У въезда, за полосатым шлагбаумом стоял караульный солдат – в каске, кирасе, с алебардой.
Стрельцов пустил неохотно, после препирательств. Корнелиус заметил, что его конвоиры шли уже не так грозно, как по Москве – сбились в кучу, по сторонам глядели с опаской.
Из аустерии, на крышей которой было установлено тележное колесо с жестяным аистом (вывеска гласила «Storch und Rad»[5], вышли в обнимку двое рейтаров с палашами у пояса. Один, показав на бородатых стрельцов, крикнул на баварском:
– Гляди, Зепп, пришли русские свиньи, мочалки для бани продавать!
Второй оглушительно захохотал, согнувшись пополам. Стрельцы сказанного понять не могли, но сдвинулись еще плотнее.
Больше всего Корнелиуса удивил толмач. Вместо того, чтоб осерчать на «русских свиней», заговорщически подмигнул и осклабился.
– Вот, – показал он на большой дом с красной черепичной крышей. Здесь квартирует ваш полковой начальник герр Кристиан Либенау фон Лилиенклау, по-русски «полковник Либенов». Мне туда ходить незачем, так что откланиваюсь и желаю вам всяческого благополучия. Если понадобится толмач – милости просим. Зовусь я Пашка Немцеров, с Архангельского подворья. Я и грамотки челобитные либо сутяжные составляю. Беру недорого алтын и деньгу.
Десятник понес в дом кляузу от вице-министра, Корнелиусу велел дожидаться. Сердце заныло от нехорошего предчувствия.

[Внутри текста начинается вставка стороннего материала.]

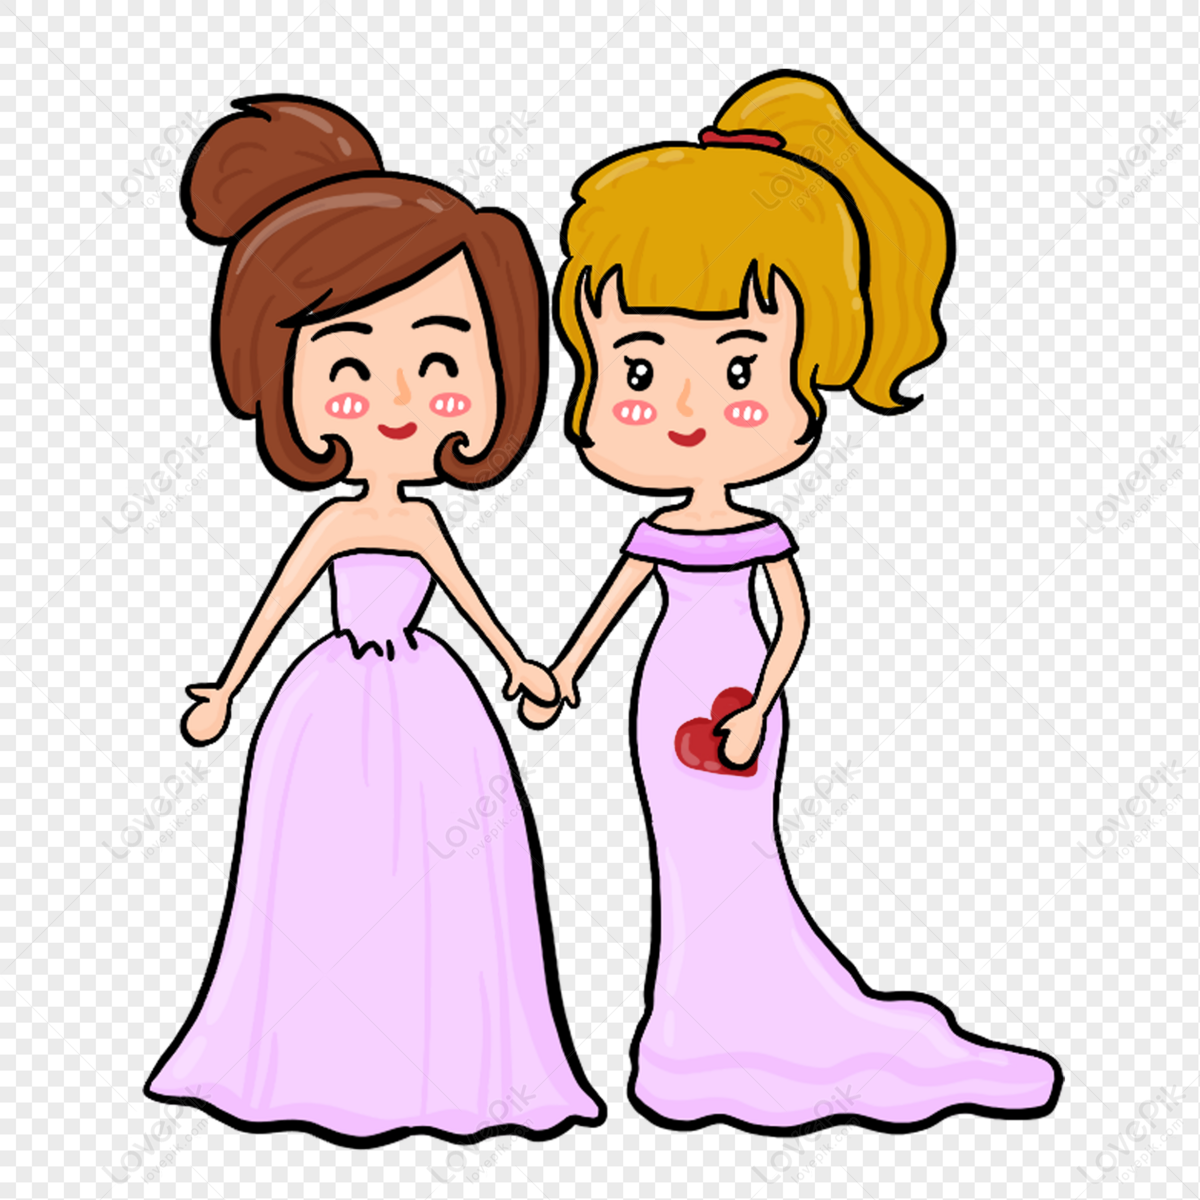 Girls Who Are Married On The Same Sex Day PNG White Transparent And Clipart  Image For Free Download - Lovepik | 401280112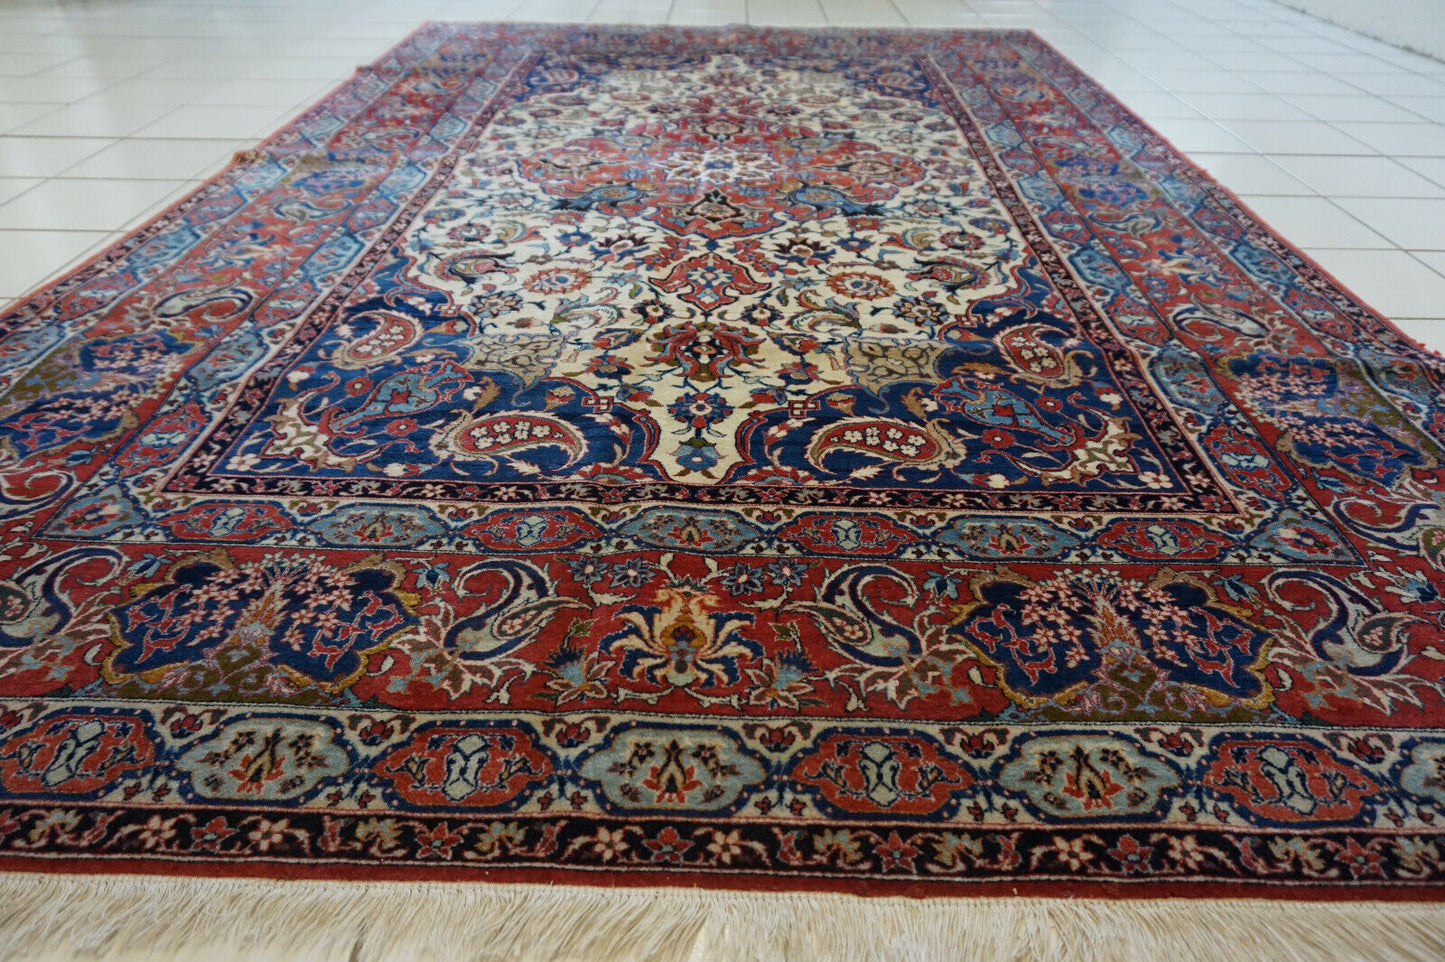 Artistic display of the Handmade Antique Persian Style Isfahan Rug as a room centerpiece

– Да, молодой человек, наломали вы дров. – Полковник Либенау фон Лилиенклау раскурил фарфоровую трубку, надувая тощие щеки и супя кустистые пегие брови. – Схватить подьячего за шиворот, да еще в приказе, при подчиненных! Теперь эта бестия грозится челом за бесчестье бить. Нехорошо, скверно. Как пойдет писанина, не отвяжешься. – Он снова заглянул в присланную Теодором Лыковым грамотку, сердито крякнул. – Ишь, чего захотел, мокрица – офицера батогами! У меня не стрелецкий полк, а мушкетерский. Секу не батогами, а розгами, и только нижних чинов. Подлая, рабская страна! Тьфу! Придется ему, бесу, тремя рублями поклониться, а то и пятью – больно уж осерчал.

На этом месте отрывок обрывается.